Problem description.
Print the entire listing below word for word, excluding its pictures.

╭─ Supplied material

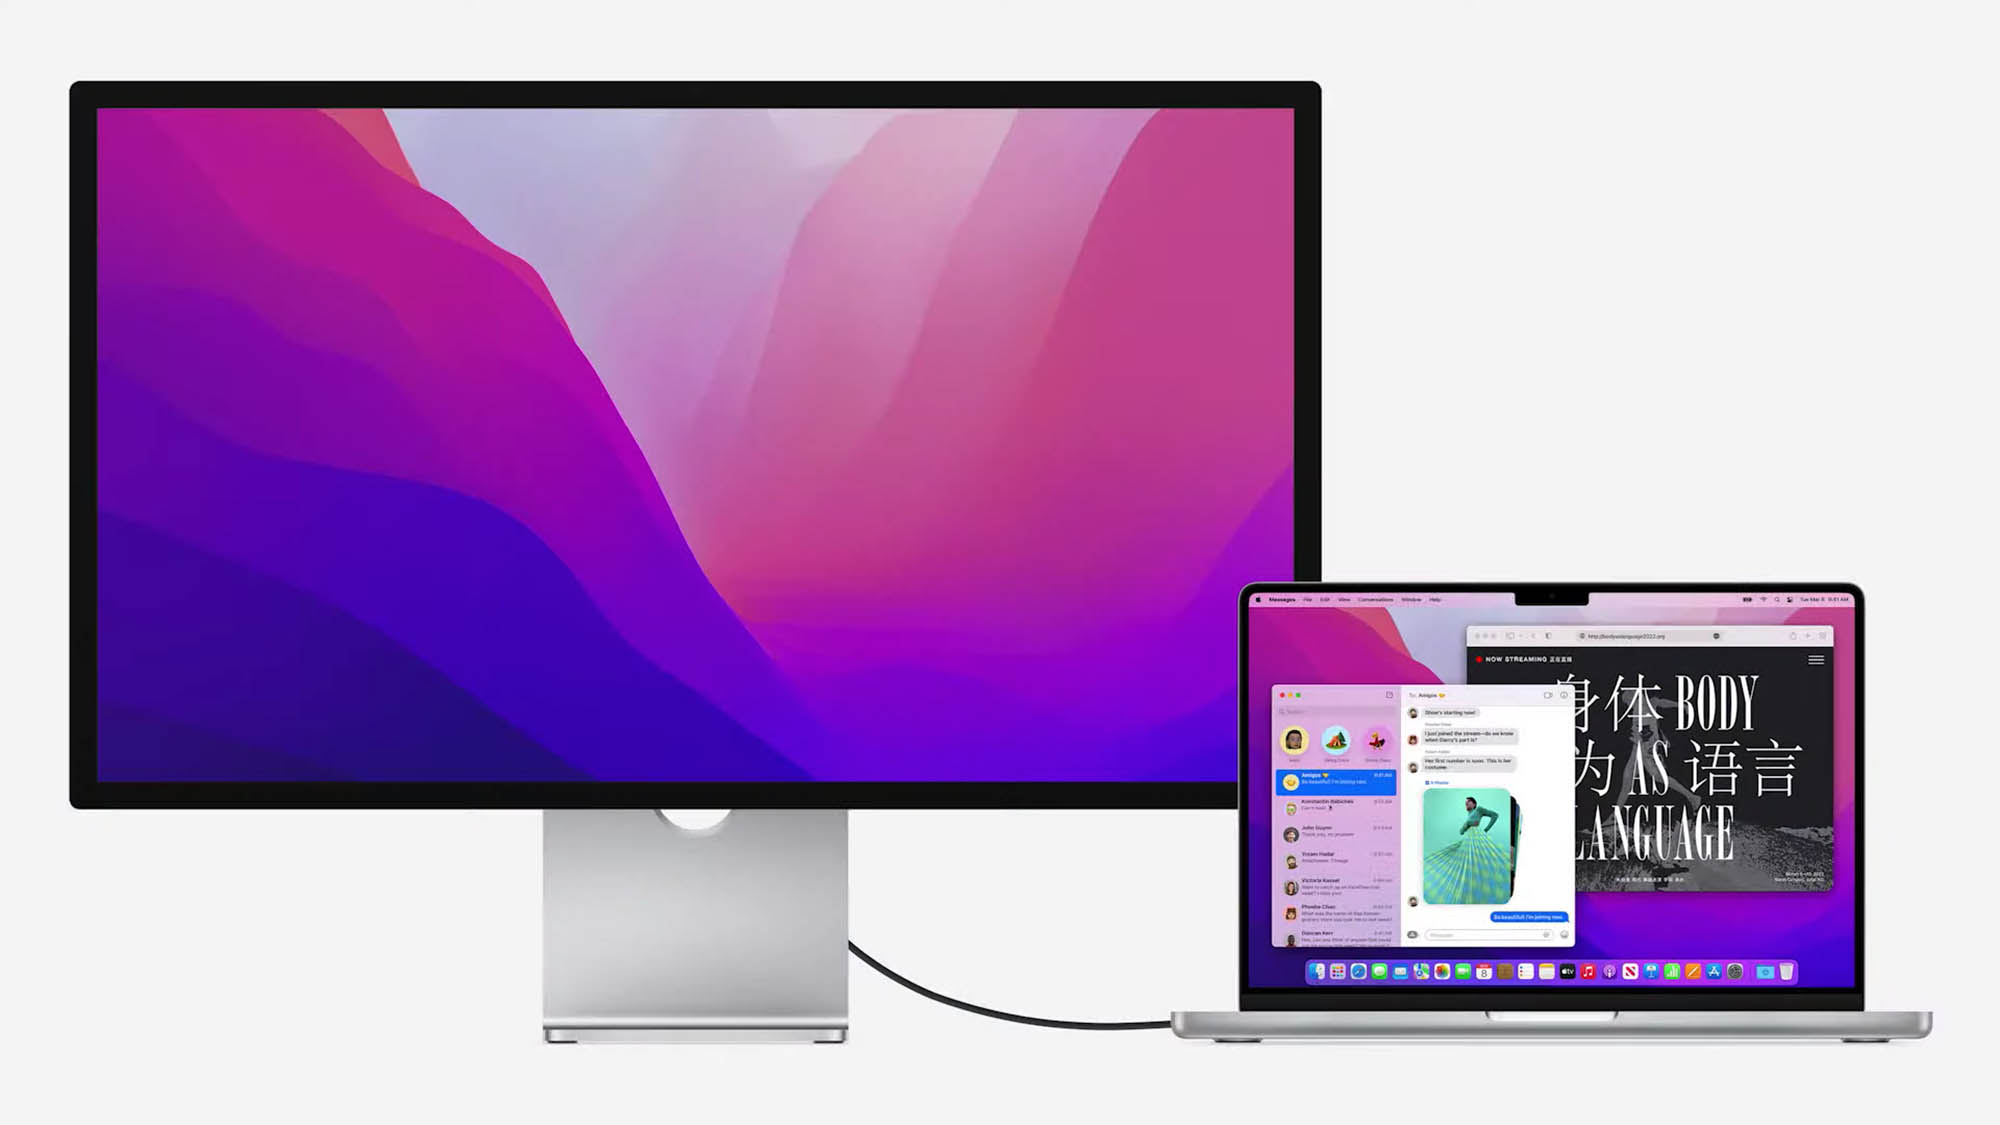 MacBook Pro connected to Apple Studio Display.
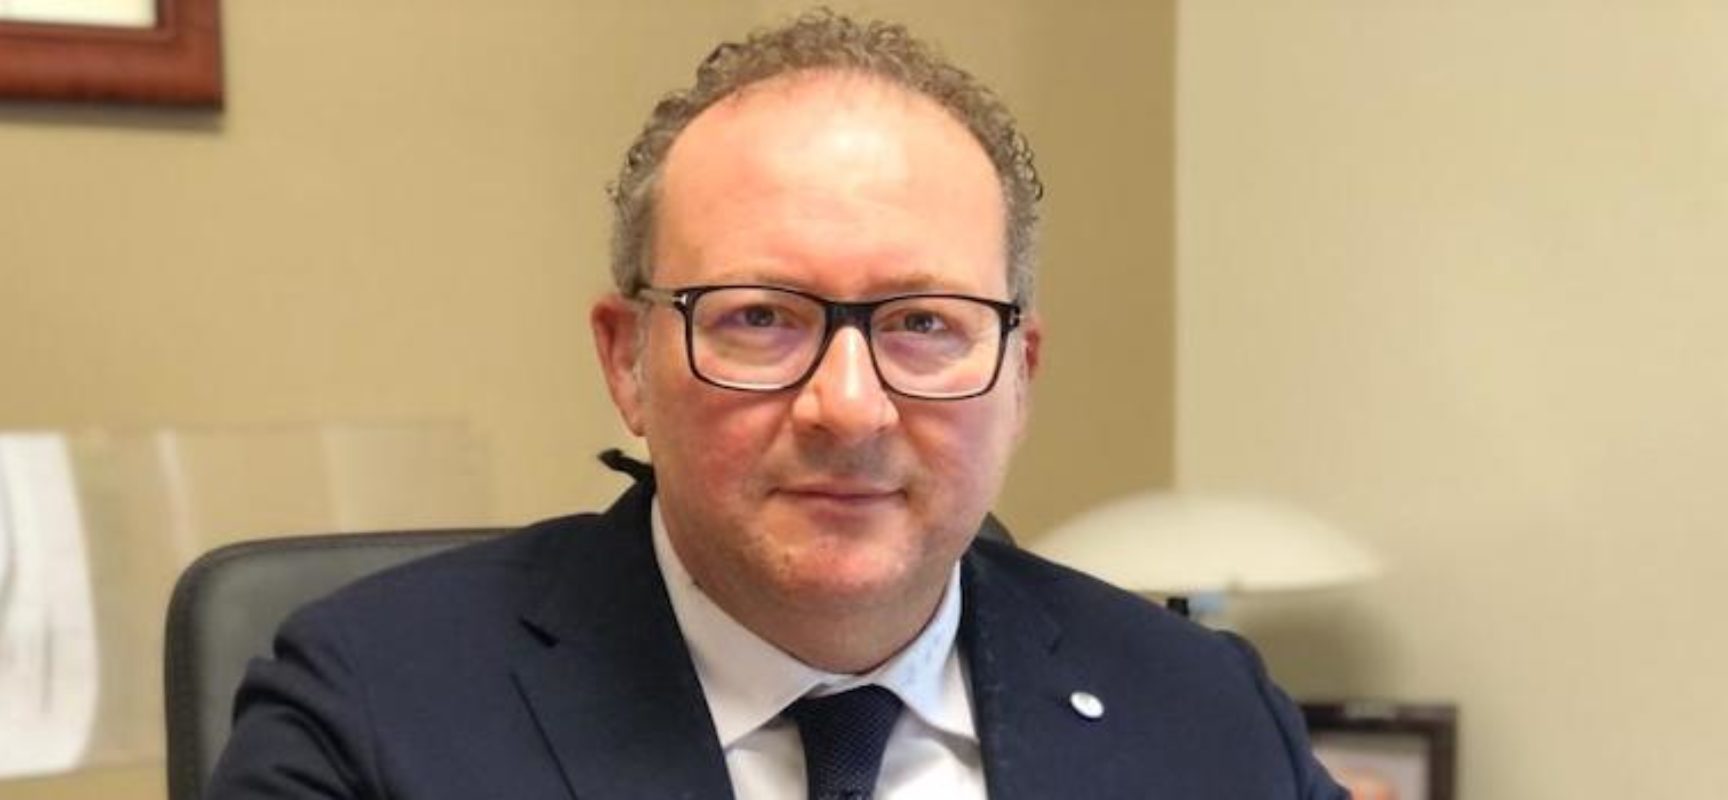 Francesco La Notte rimane in Consiglio Regionale: arriva la decisione del Tar
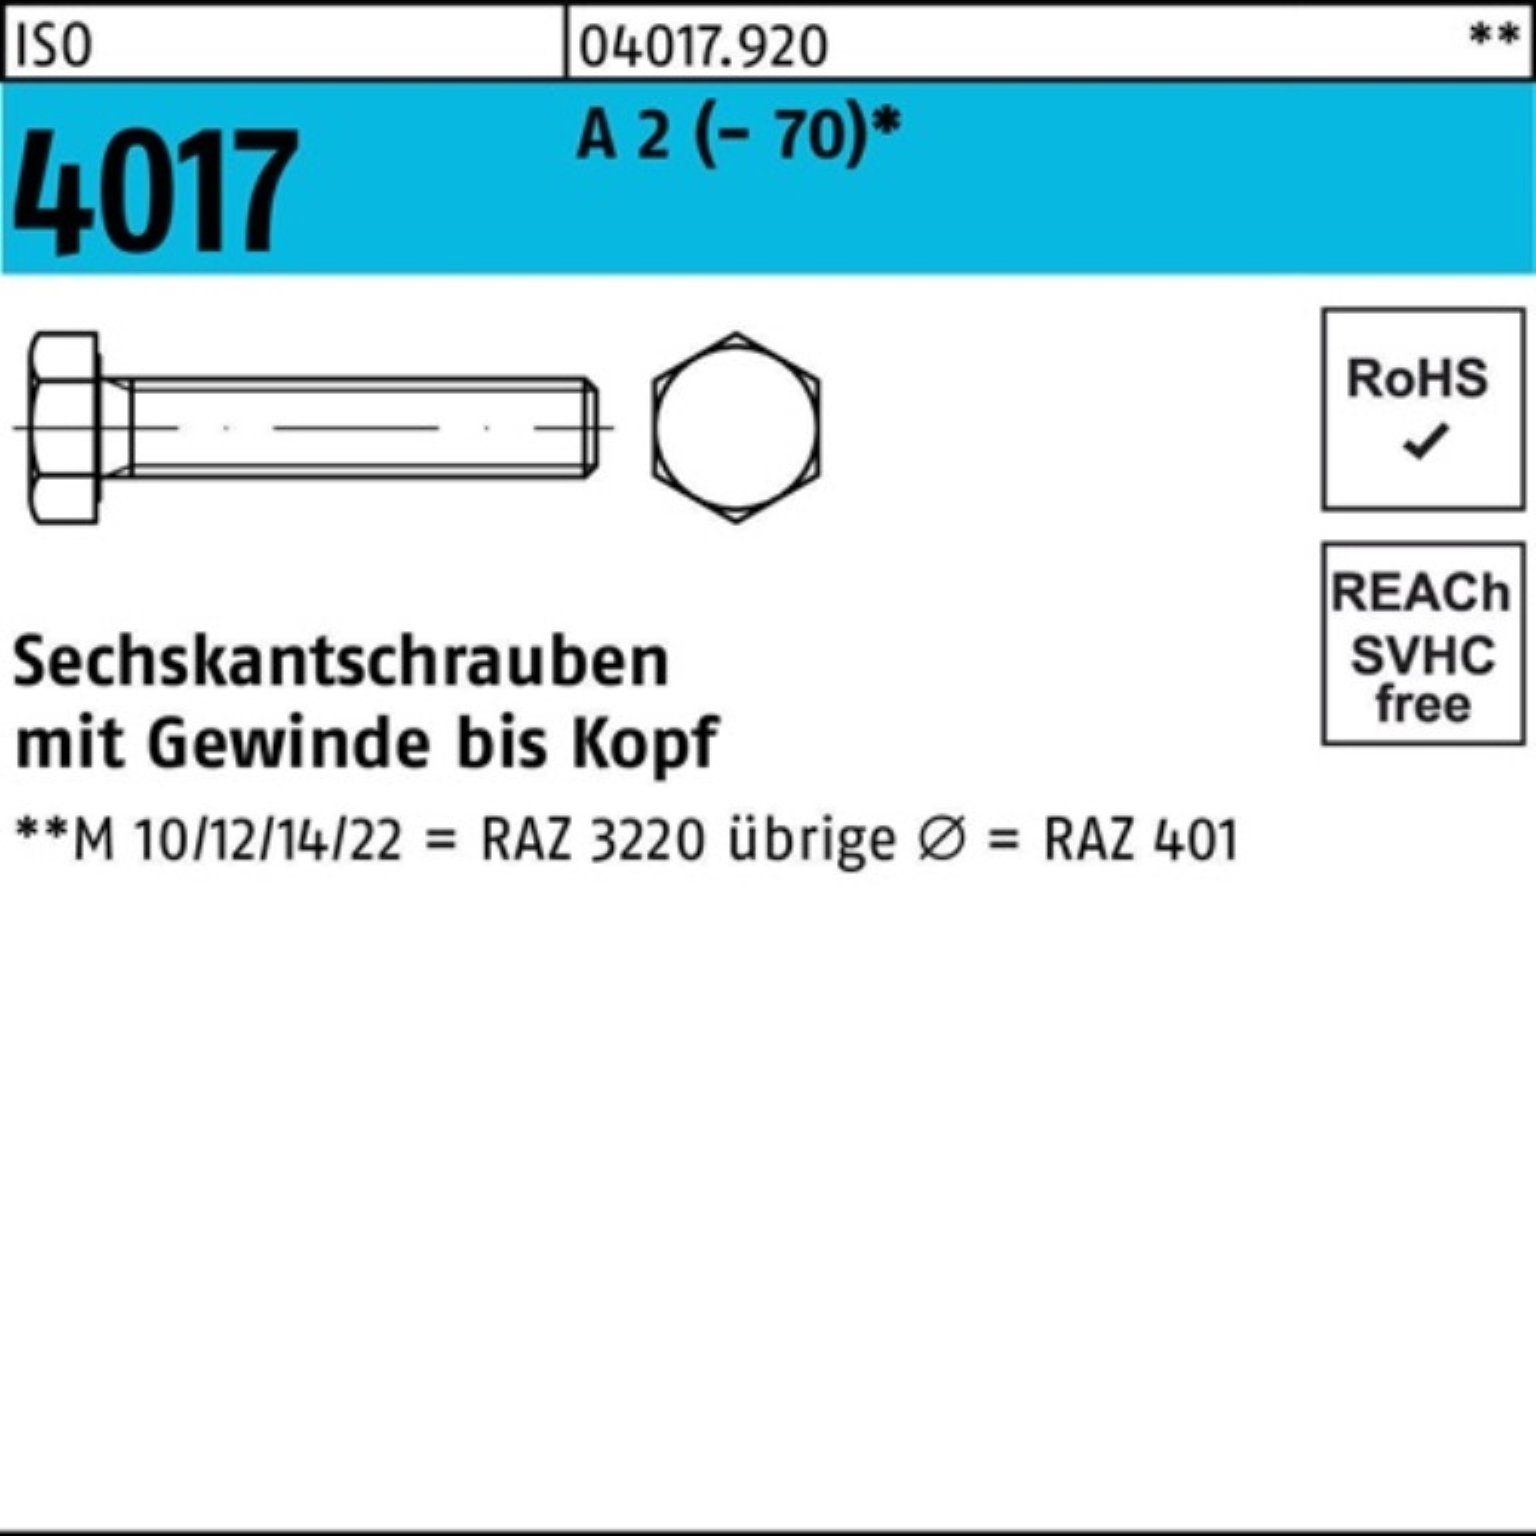 Bufab Sechskantschraube 100er Pack Sechskantschraube ISO 4017 VG M20x 60 A 2 (70) 25 Stück
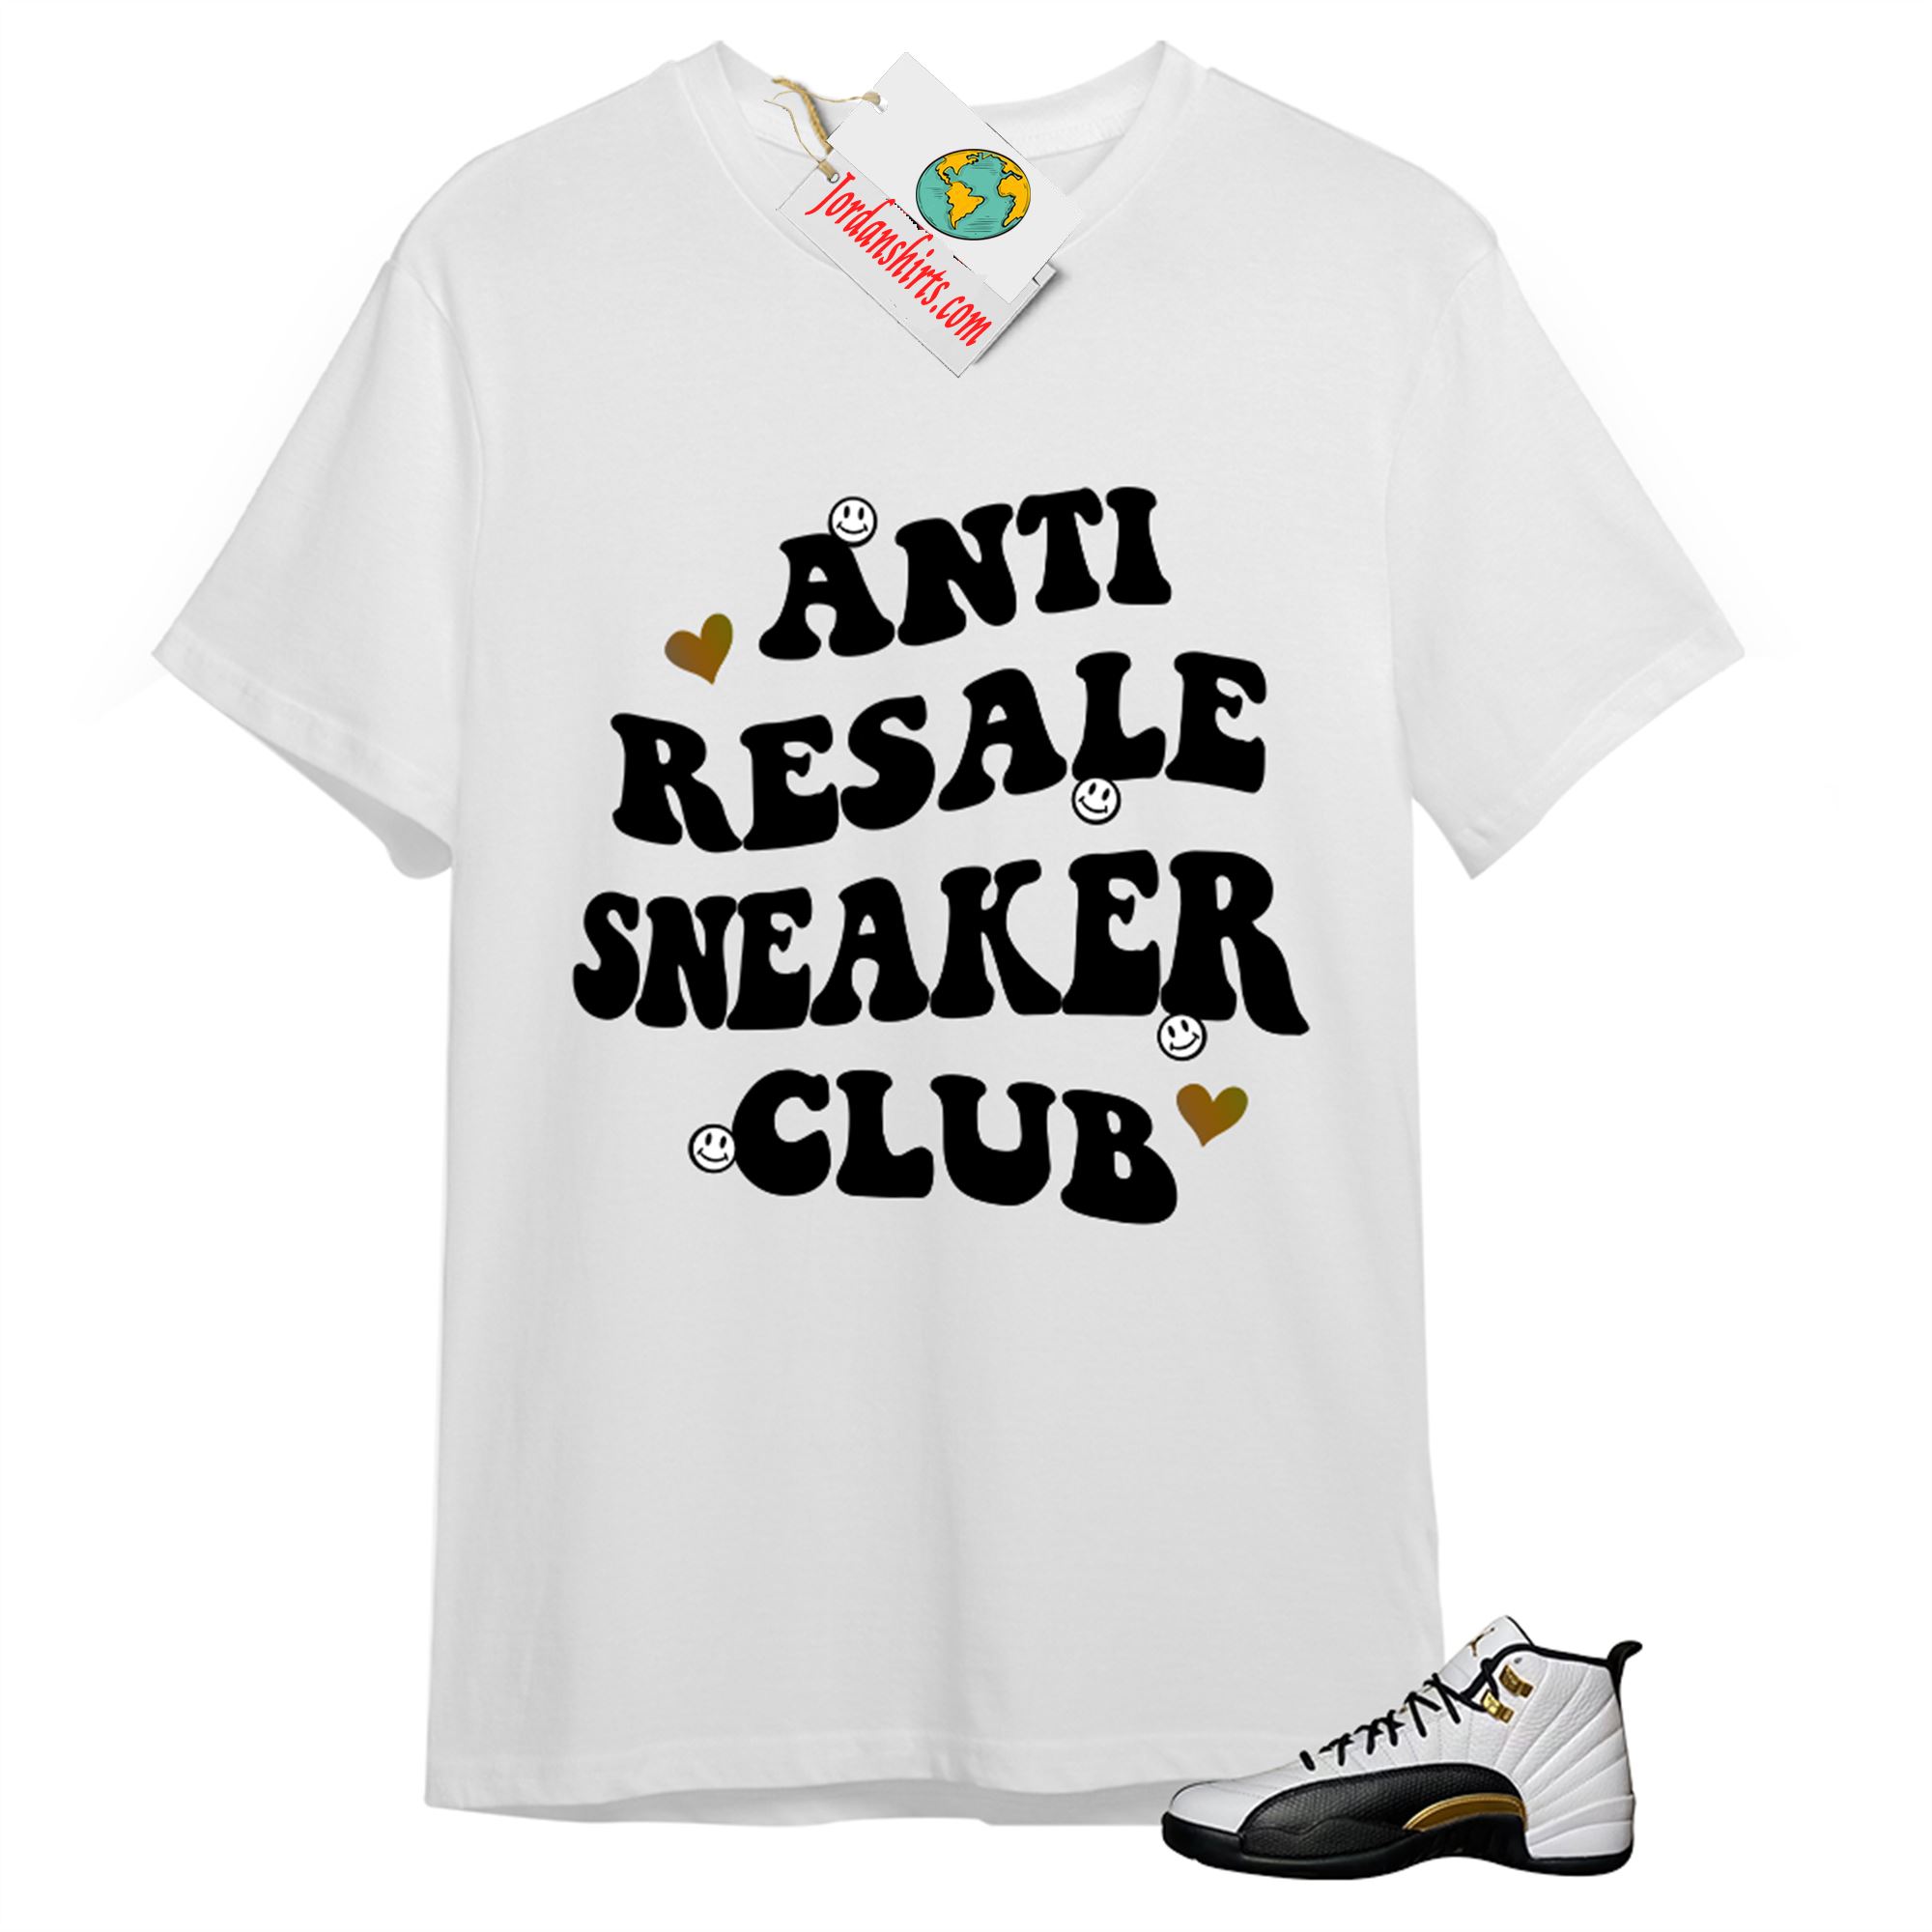 Jordan 12 Shirt, Anti Resale Sneaker Club White T-shirt Air Jordan 12 Royalty 12s Plus Size Up To 5xl

╰─

Exercise result.
 MacBook Pro connected to Apple Studio Display.
 Francesco La Notte rimane in Consiglio Regionale: arriva la decisione del Tar
 Bufab Sechskantschraube 100er Pack Sechskantschraube ISO 4017 VG M20x 60 A 2 (70) 25 Stück
 Jordan 12 Shirt, Anti Resale Sneaker Club White T-shirt Air Jordan 12 Royalty 12s Plus Size Up To 5xl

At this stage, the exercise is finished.